The root-word for pillar used in this statement is the Hebrew מַצֵבָה ‘matstseba’ which means a thing set up, a standing pillar. This is far different to the Hebrew root-word ﬠמּוּה ‘ammud’ which simply means column. An interesting addition to this is found in the ancient Coptic records of Masoudi in the Arabic manuscript of the Akbar-Ezzeman, at Oxford, which relates that “Surid (Seth)… one of the kings of Egypt before the flood, built two great pyramids.”
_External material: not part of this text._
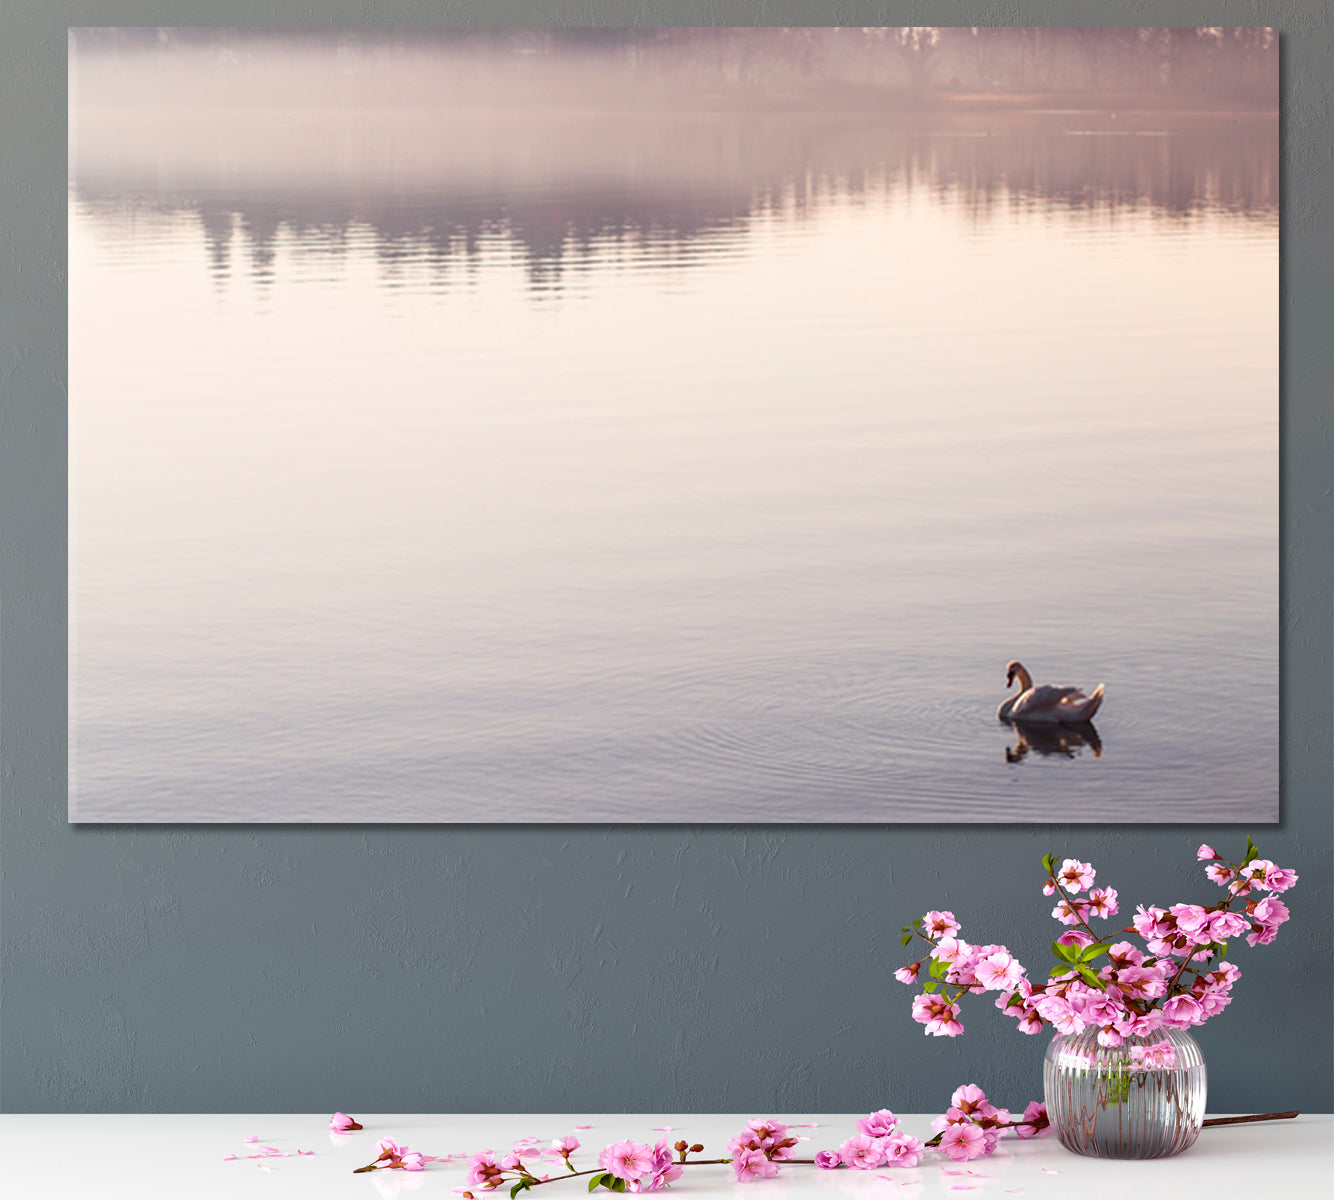 SERENITY Peaceful Landscape Water Reflection Bodensee Lake Germany Little Bird Duck Flapping Wings in the Water Scenery Landscape Fine Art Print Artesty 1 panel 24" x 16"

In the account the Great Pyramid is referred to as “the Eastern Pyramid.” “…In the Eastern Pyramid (the Great Pyramid) were inscribed the heavenly spheres and figures representing the stars and planets…”

The manuscript of Makrizi gives a similar account stating that “the first (the Great) Pyramid was especially dedicated to history and astronomy; the second (Pyramid) to medical knowledge.”

Many more accounts giving testimony in this way are extant today. However, whatever their validity, one thing is now certain. The ‘Pillar’ or ‘Pyramus’ erected by Seth and the antediluvians in the land of Siriad (Egypt) as stated by Josephus, and still standing today for all to see, is none other than the ‘Great Pyramid’!